__Recorded information__:
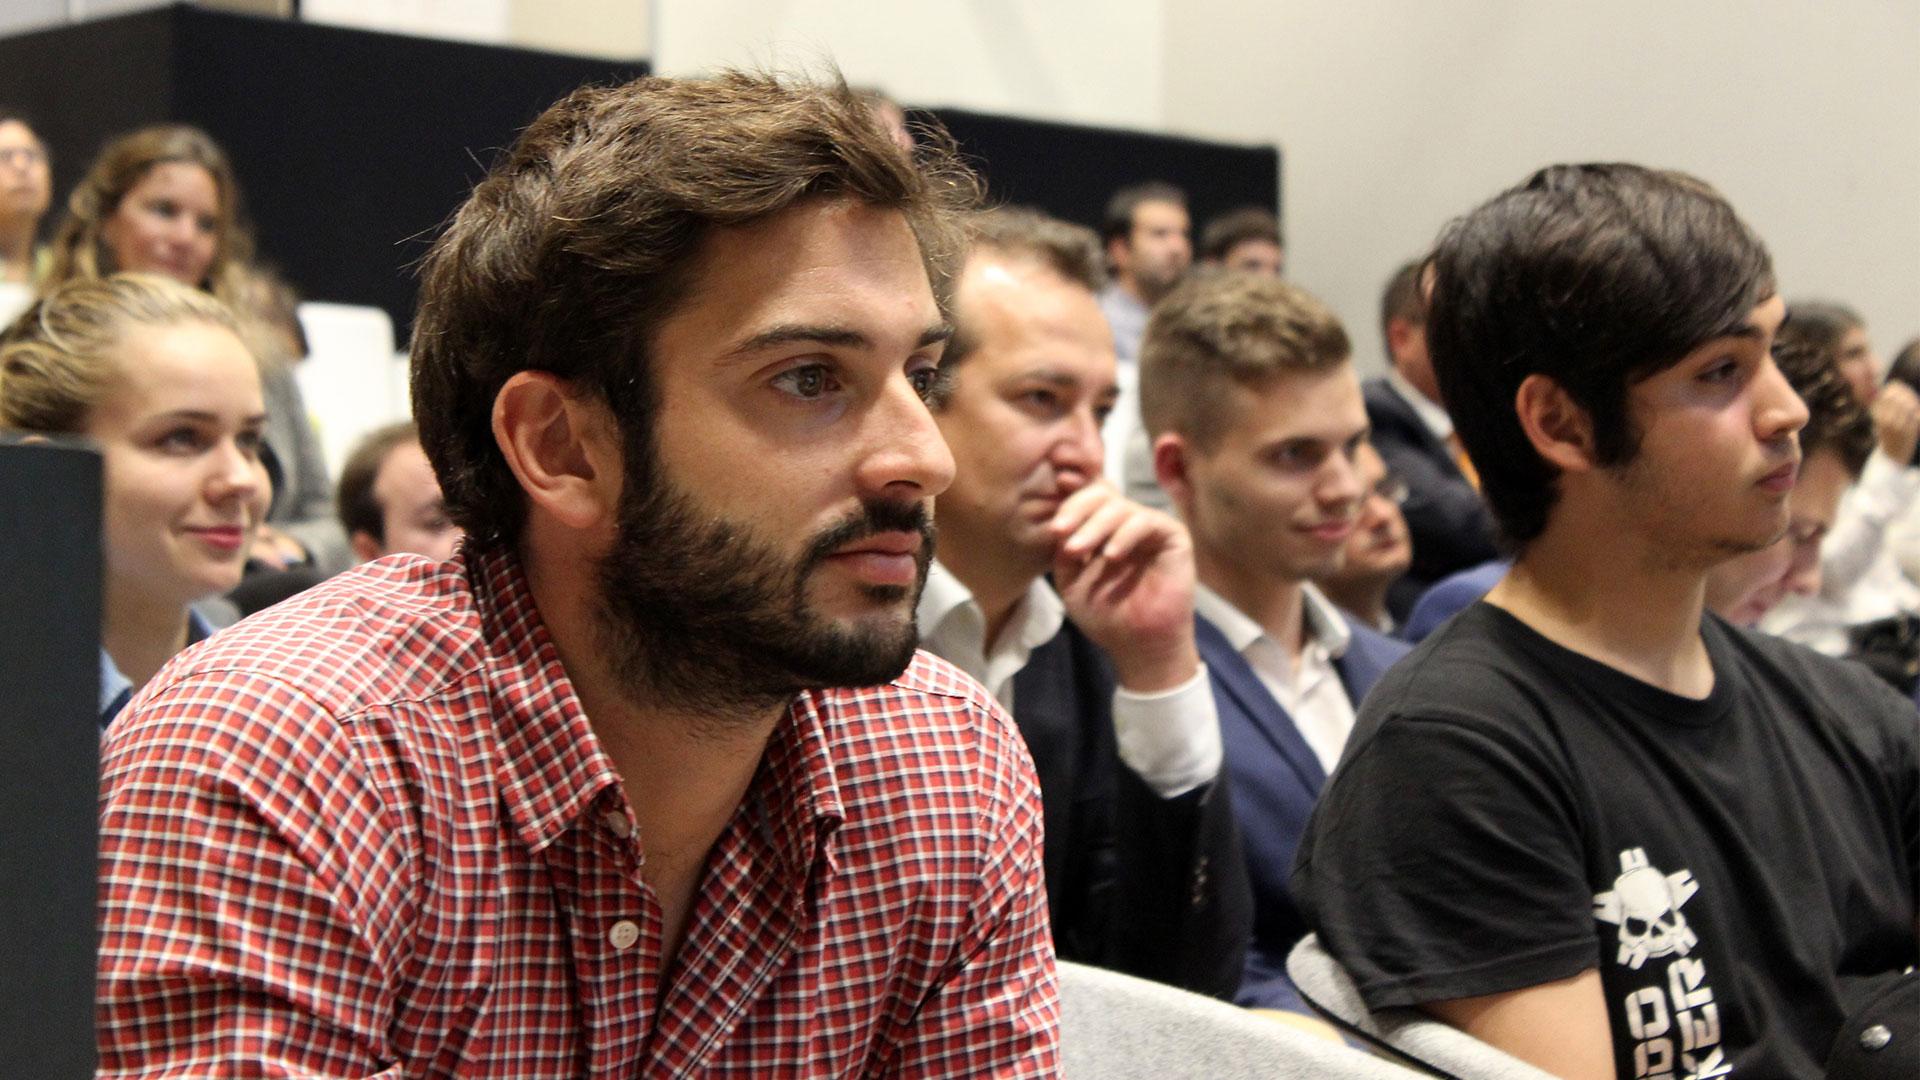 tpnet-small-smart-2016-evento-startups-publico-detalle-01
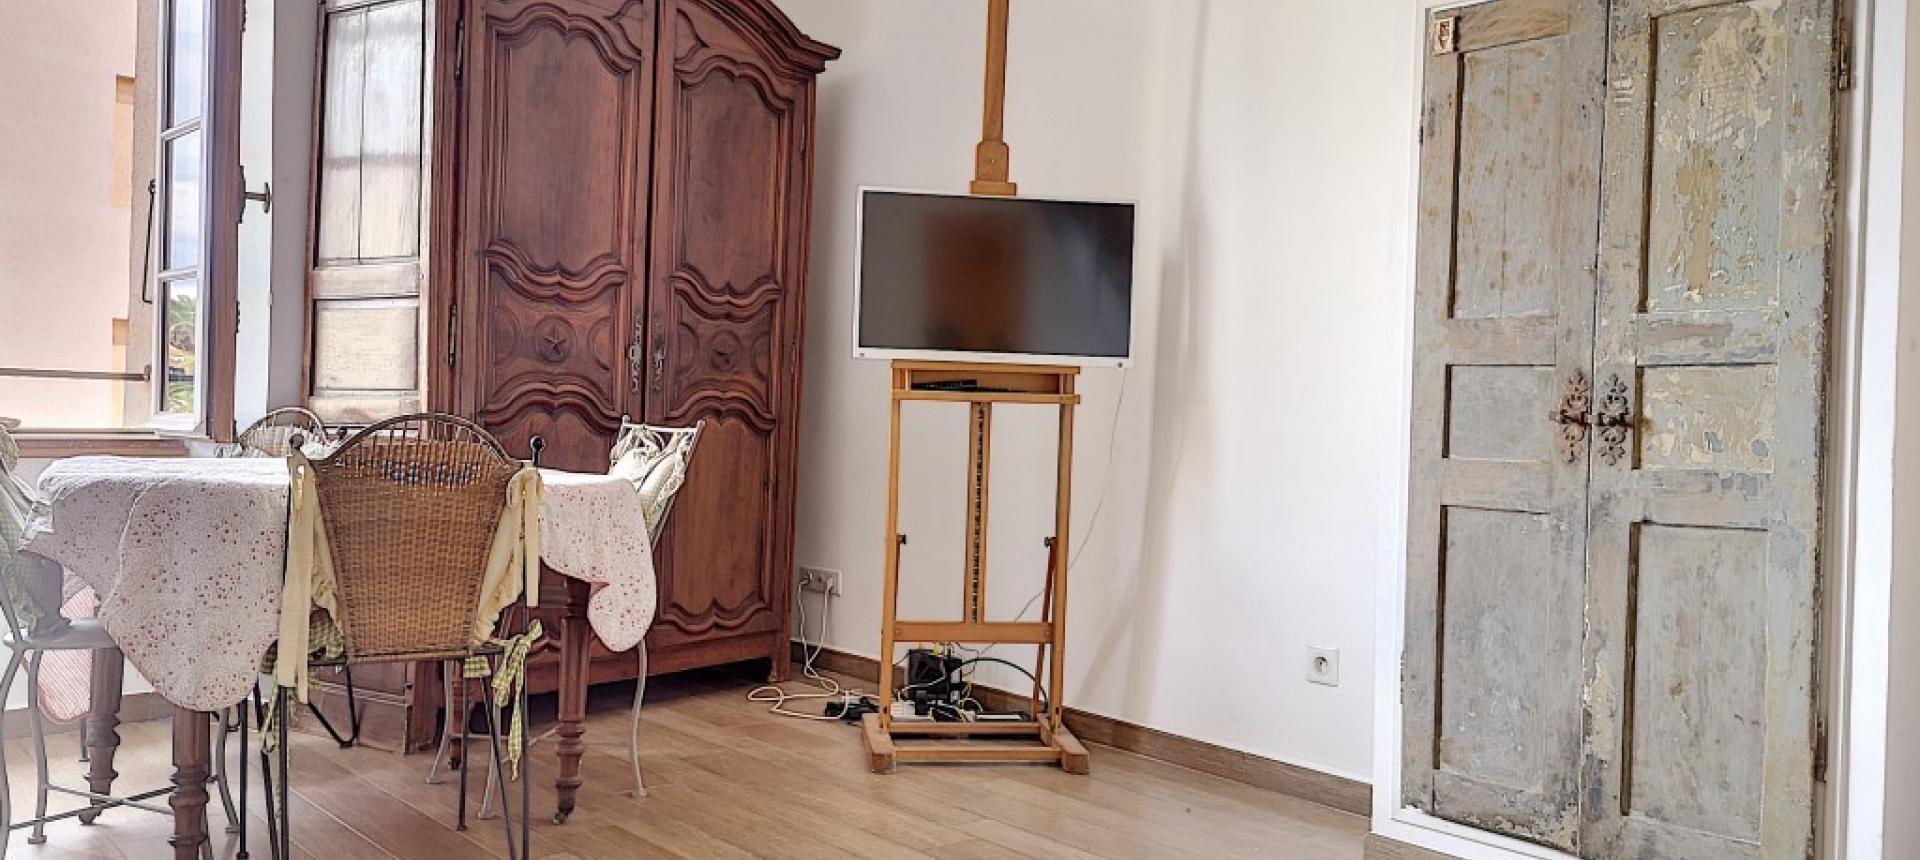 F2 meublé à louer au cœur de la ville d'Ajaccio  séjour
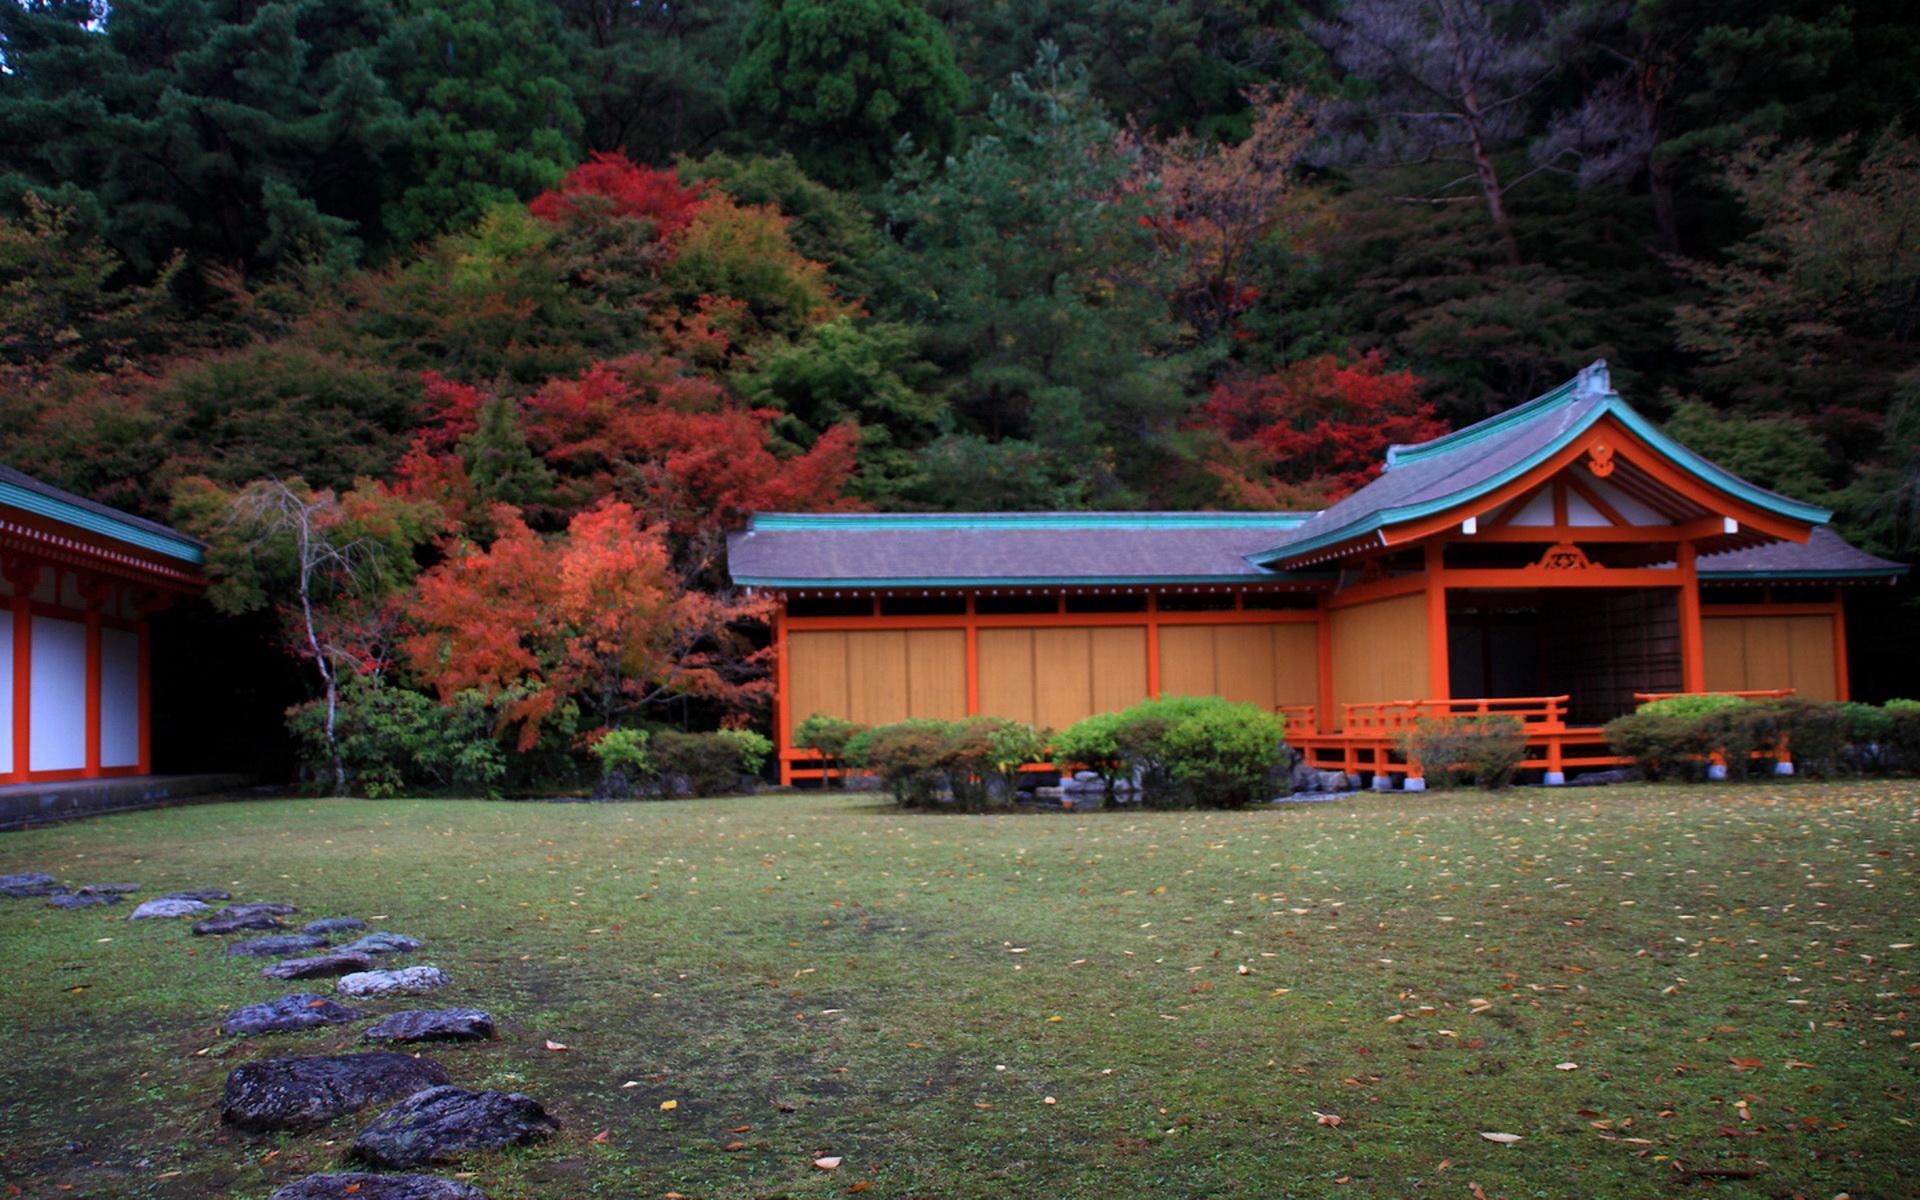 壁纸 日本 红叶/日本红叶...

__Your goal__: Every line above gets copied exactly; none of the pictures do.

__Result below__:
 tpnet-small-smart-2016-evento-startups-publico-detalle-01
 F2 meublé à louer au cœur de la ville d'Ajaccio  séjour
 壁纸 日本 红叶/日本红叶...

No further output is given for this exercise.